It is frequently argued that the pace of technological change is increasing. For example, one well-known ‘futurologist’, Ray Kurzweil, has long argued that technology is not only developing exponentially (at least, as measured by some indicators of technological performance, most notably including the growth of computer processing speed) but that the rate of change itself is also changing exponentially (Kurzweil, 2001). So, not only is the pace of change accelerating, but the rate at which it is accelerating is also increasing. He argues that we are approaching the ‘singularity’ – the point at which the technology we make will itself have become more ‘intelligent’ than humans and hence be able to innovate (or invent) even more rapidly.

Although Kurzweil’s argument might be among the more extreme claims made about the inevitability of technological change, he is certainly not alone. The UK government, for example, argues more modestly, but in a similar vein:

A large body of evidence shows that innovative economies are more productive and faster growing. They deliver higher returns on investment and increased living standards. They are better at responding to changing circumstances through redeploying old activities and jobs. They are more able to find solutions to global challenges such as reducing dependence on fossil fuels, helping people live longer and healthier lives.

(BIS, 2011, p. 5)

Others, though probably in a minority, are more sceptical and challenge such views (e.g. Cowen, 2011). US economist Robert Gordon, in a thought-provoking Working Paper for the US National Bureau of Economic Research (Gordon, 2012), has argued that the past 250 years of economic growth may prove to have been an aberration in human history. He looks specifically at the US economy (which has over recent decades been the global powerhouse of innovation and economic growth), and notes that many of the benchmark inventions and subsequent innovations of this period are ‘once only’. For example, the spread of suburbs as a result of improved cars, roads and public/mass transit systems can only happen once in a place, though it may still occur elsewhere in the world. Similarly central heating and air conditioning which control interior building temperatures can only be diffused once. Roberts contradicts Kurzweil’s claims about the increasing pace of technological change, using the example of the speed of mass travel. This increased from around 5 km/h (3 mph) with the horse-drawn omnibus in 1860, through the train and the car, to around 800 km/h (500 mph) with the advent of the Boeing 707 in 1958.

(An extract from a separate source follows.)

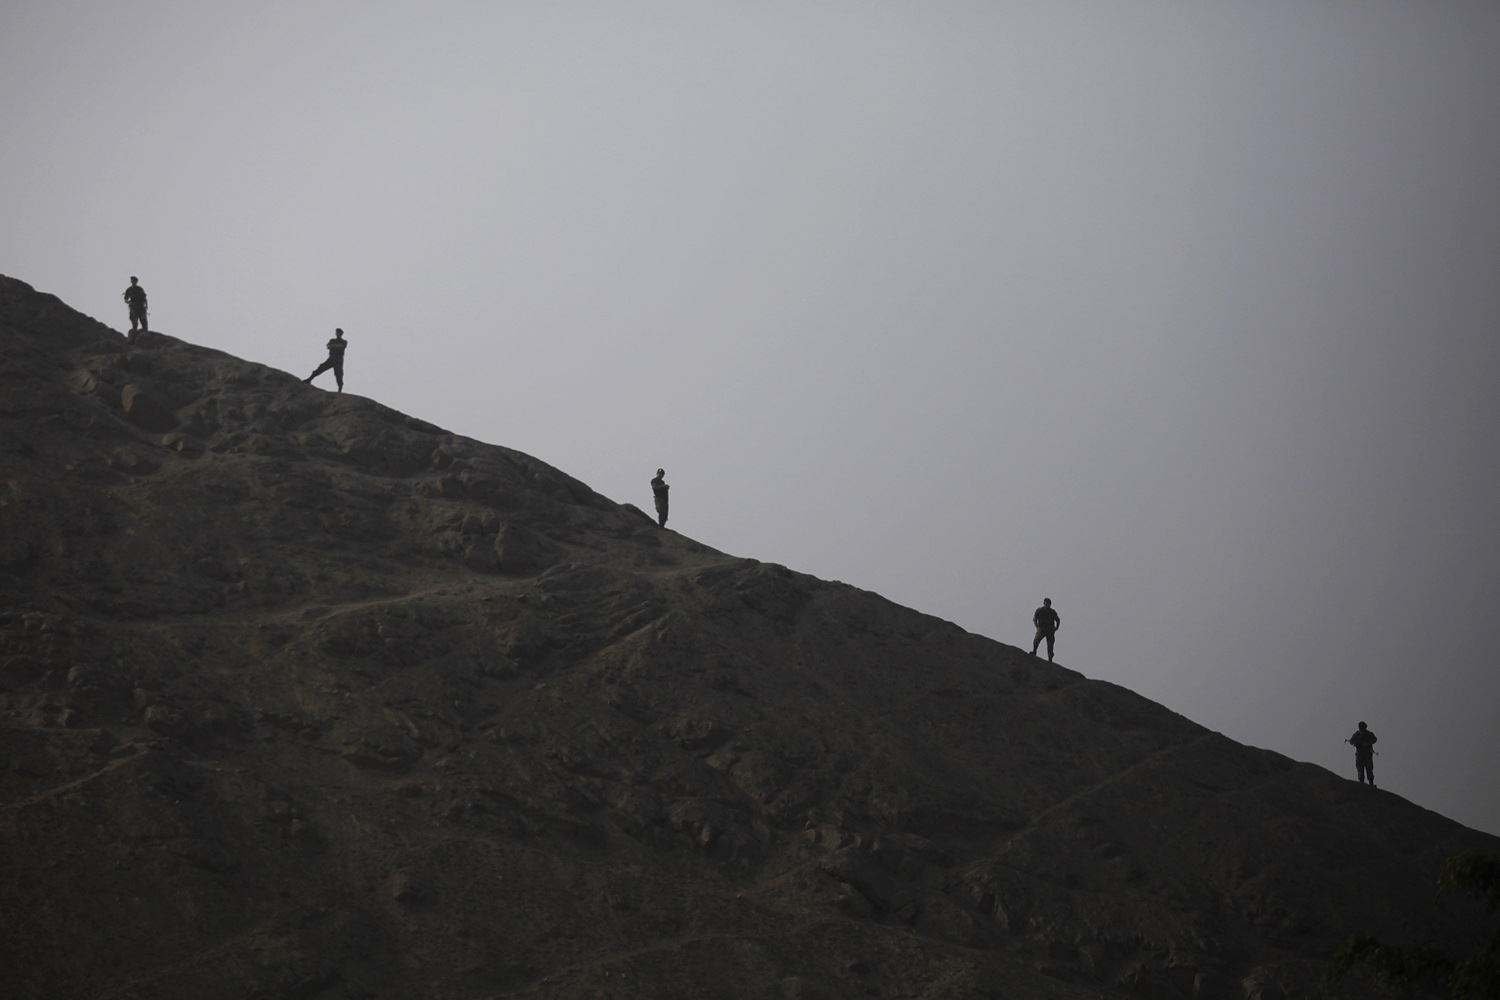 Anti-narcotics police officers guard on top of a hill near an oven during a drug incineration in Lima

Speed has not only not increased since then, but actually decreased as airlines seek to reduce fuel consumption. Europeans might point to the troubled history of Anglo-French supersonic airliner Concorde, which had a maximum speed of 2140 km/h. It made its first commercial flight in 1976 before being removed from service in 2003 for a range of economic, safety and technological reasons. Arguably, Concorde never provided mass transport (only 20 were built, each capable of carrying around 100 passengers) and only serves to emphasise Gordon’s argument. The main thrust of Gordon’s paper is that economic growth due to innovation may consequently be lower in the future than it has been historically, and is unlikely to be enough to overcome a range of other systemic problems in the USA to maintain growth at historic trend levels, even assuming away the particular problems of the global crisis which began in 2008.